06/12/22
É necessário garantir que organizações concorrentes participem dessas governanças com o espírito de construir parcerias, em vez de competir no mercado. Outro ponto importante é que as governanças necessitam de um volume considerável de horas de trabalho voluntário./ Foto: Startup Summit 2018 (Divulgação)
Por Marcus Rocha, Conselheiro e Especialista em Ecossistemas e Habitats de Inovação.
Escreve quinzenalmente sobre o tema no SC Inova.
Normalmente, quando se fala em Governança para ecossistemas de inovação é considerada a representação de organizações das diferentes “hélices” ou categorias, que são descritas em diferentes modelos teóricos e práticos. Inicialmente, eram considerados três tipos de atores – Empresas, Governo e Academia -, com a adesão em seguida de um quarto tipo – Organizações da Sociedade Civil.

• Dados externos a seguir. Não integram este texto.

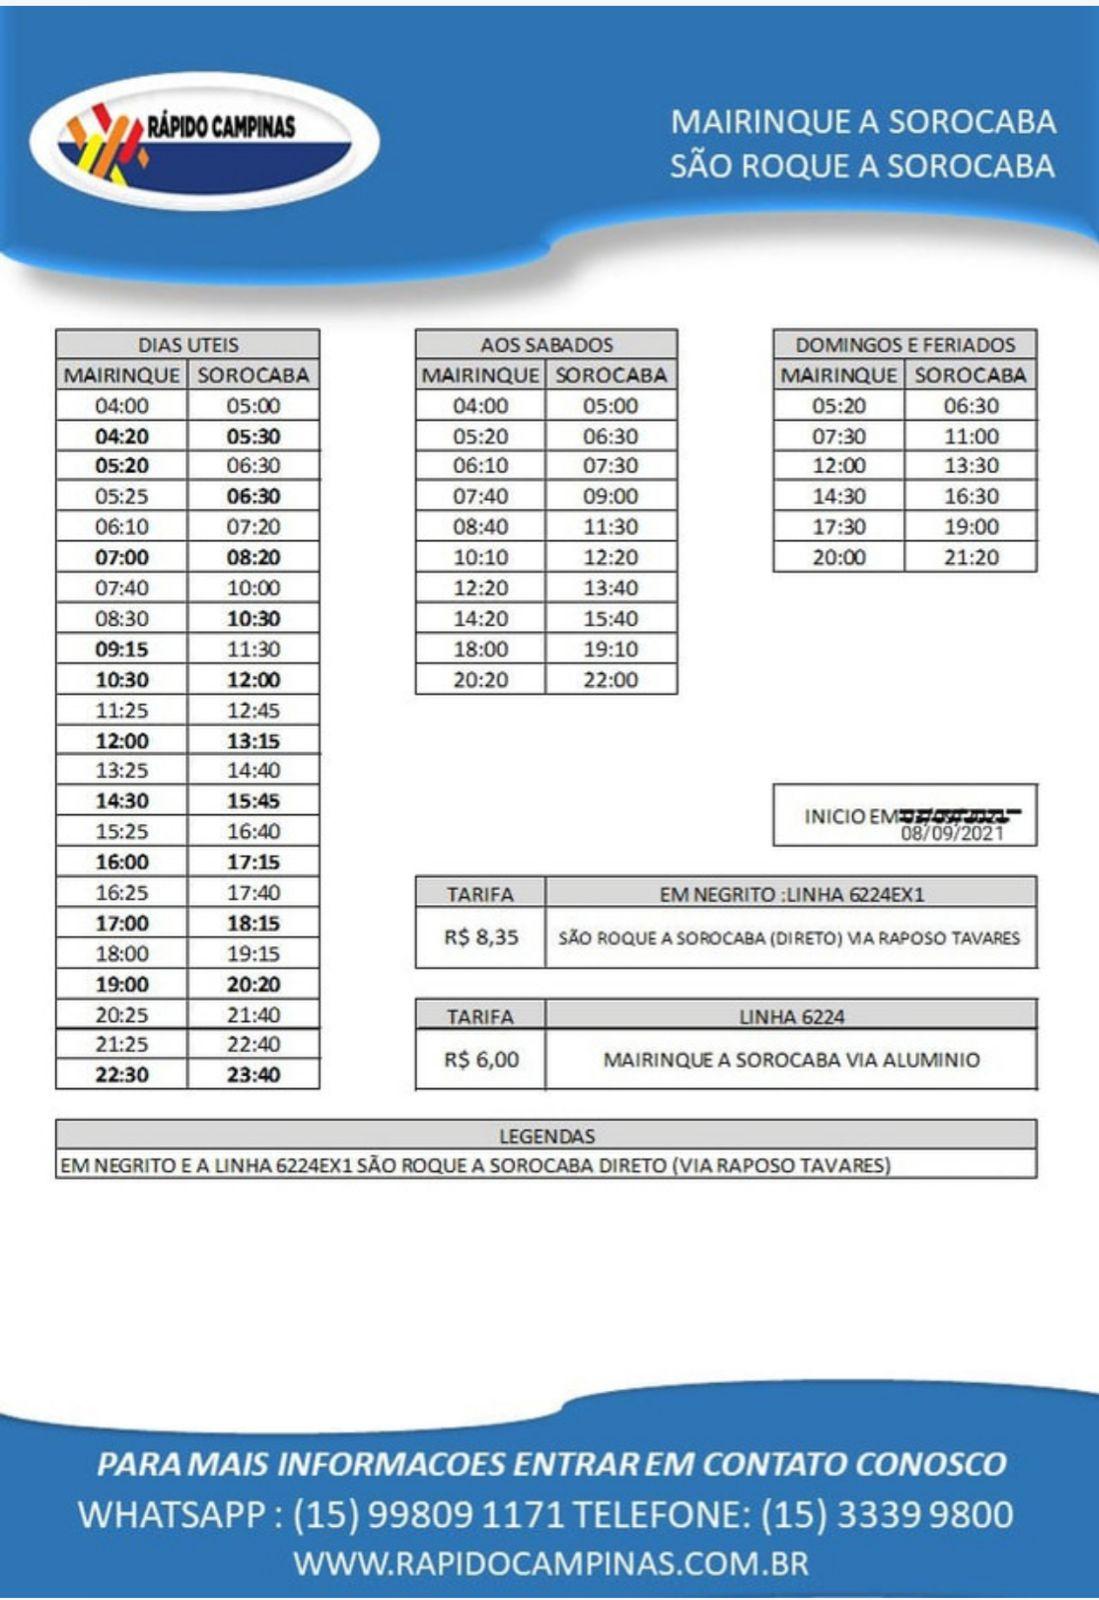 RAPIDO CAMPINAS 08-09-2021 mairinque a sorocaba - sao roque a sorocaba

Assim, hoje o modelo da “quádrupla hélice” permanece como o mais utilizado.
Mais recentemente, outros modelos foram elaborados, alguns deles trocando o tipo de organização pela sua função na criação de um ambiente favorável ao desenvolvimento sistemático de empreendimentos inovadores. O melhor exemplo desse tipo de modelo talvez esteja representado no Guia de Implantação de Ecossistemas de Inovação de Santa Catarina, conforme a figura a seguir. Nesse modelo, a categorização dos atores é realizada conforme sua função no ecossistema: política (não necessariamente governamental); financeira (privada ou pública); cultura (não apenas educacional ou de ensino); capital humano (não necessariamente pelo ensino formal), e assim por diante.
Percebe-se que, mesmo com diferenças de abordagem, todos esses modelos possuem uma visão mais institucional, pois buscam a criação e o desenvolvimento de relações que estabeleçam as bases para facilitar o empreendedorismo inovador no território do ecossistema de uma forma geral. Se vê uma clara limitação nesses modelos, pois não levam em conta o contexto econômico local e não sugerem estruturas para articular e unir atores dos principais setores econômicos do território.
Ao visitar ecossistemas de inovação Brasil afora, percebe-se que a abordagem dos modelos tradicionais traz algumas dúvidas e inseguranças às lideranças, principalmente naqueles locais com maturidade em estágio inicial ou em estruturação. Como esses modelos são, de certa forma, intangíveis em termos de resultados práticos, nota-se frequentemente uma grande dificuldade de engajamento dos atores locais.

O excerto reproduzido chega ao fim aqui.